I woke up, not remembering how or when or why i was even there and looked over to find Steph spooning with an adult black man.
Don't worry. I just took 2 benadryls and beat off. I'm practically sleep texting
Someone just uploaded pictures on facebook of you making out with random girls. I'm telling you because I'm assuming you don't remember anything, but the 236 pictures in the album should give you a good clue.
I'm in the liquor aisle and a 10 yr old boy yells, "My favorite beer is Corona! Daddy remember when you gave me some on our camping trip?"
They reenacted the scene from the lion king where mufasa talked to simba from the clouds. As high as they were they got it word for word. There has to be an award for that.
I just laid my head on this pillow and I smelt your penis. It was comforting.
i know it happened because it happened right beside me, and at one point on top of me.

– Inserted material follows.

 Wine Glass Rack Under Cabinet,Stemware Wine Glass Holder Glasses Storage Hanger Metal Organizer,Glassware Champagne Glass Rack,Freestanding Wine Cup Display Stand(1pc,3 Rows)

As if right now I am a humanitarian. Full story to come in the morning. It involves sex.
How is it that I, the only one that didn't drink last night, was the only one puking out the car window?

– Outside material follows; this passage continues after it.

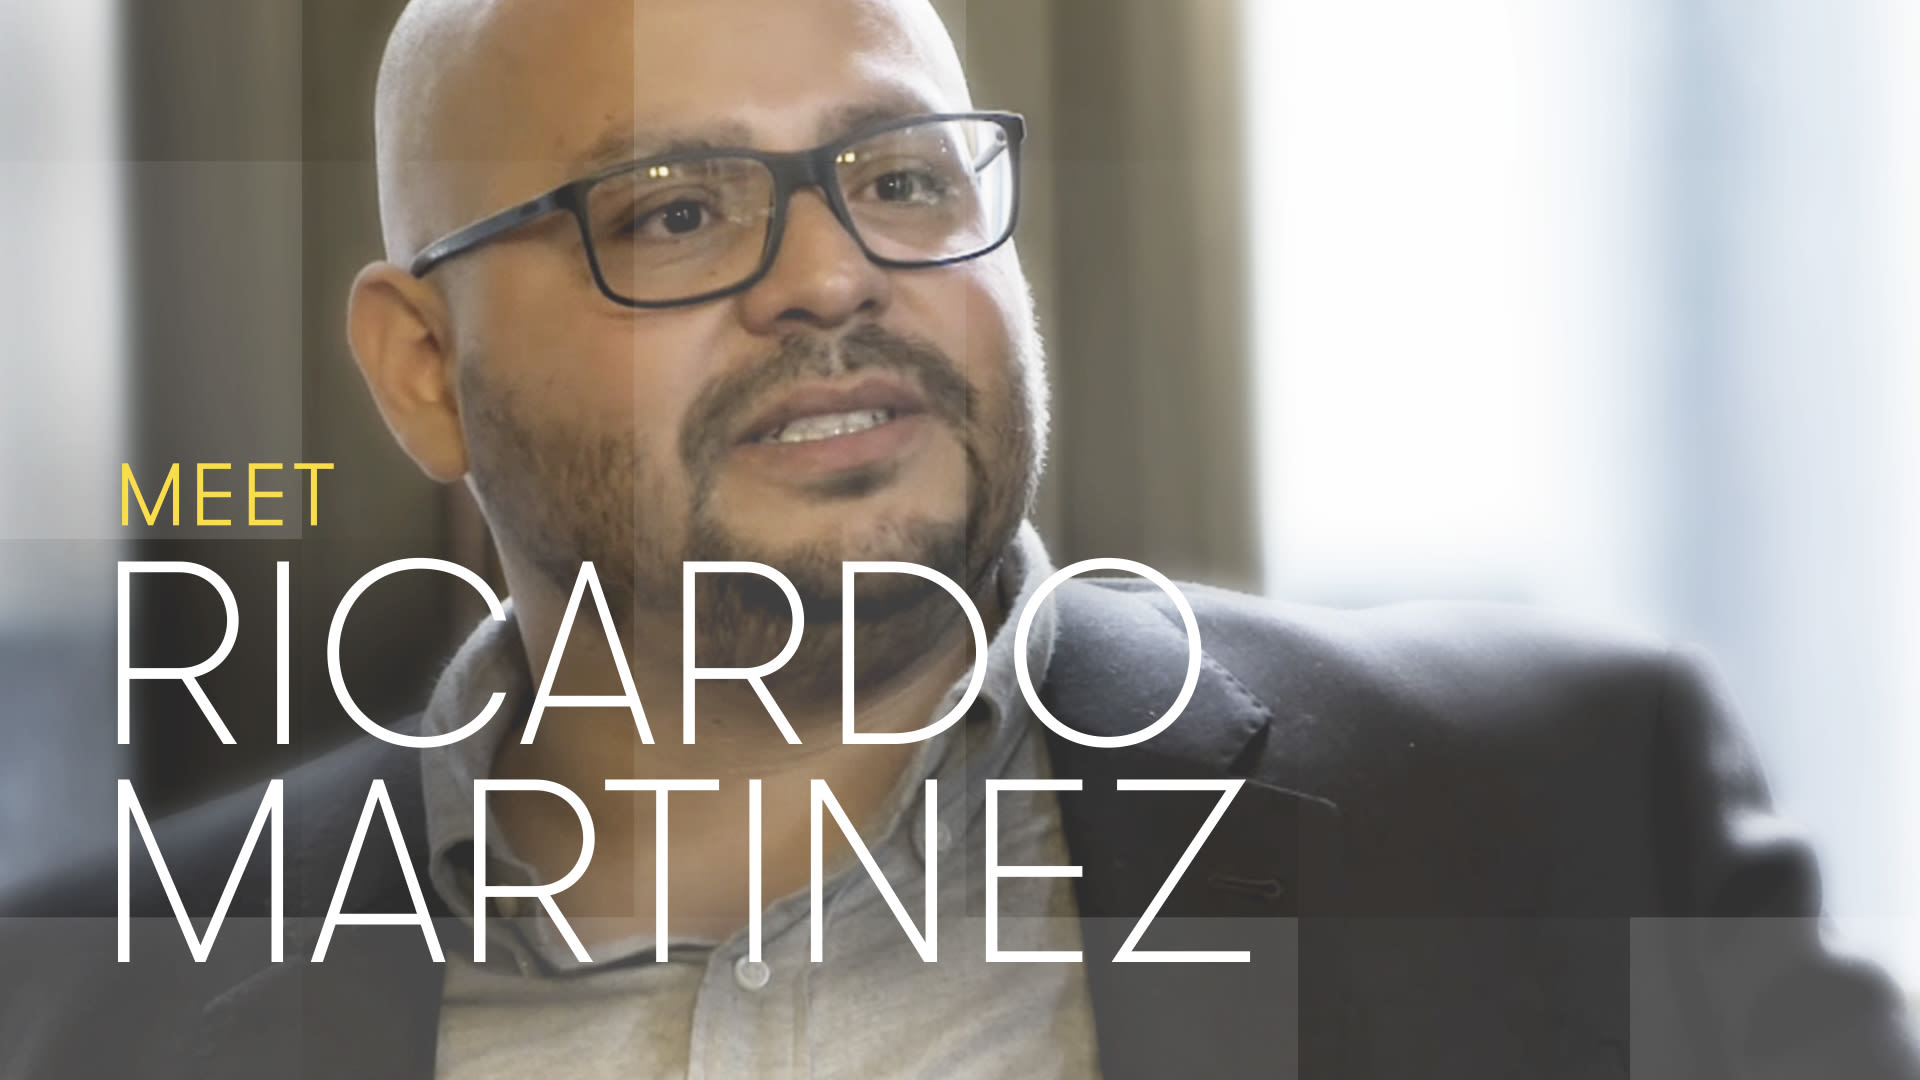 The Partner contestant Ricardo Martinez

I just called my boyfriend "Dad"... Awkward
Soooo you know how I said I was trying to be a rational adult? Well that led to me fucking a rational adult today.
i have too much dick at my disposal? i should make them fight. best dick pic gets laid
My vagina just clenched in fear
I'm in the fetal position trying to figure out a way to get someone to deliver me pancakes.
Every time I look at him 'Relax' by Frankie Goes to Hollywood plays in my head. Is that weird?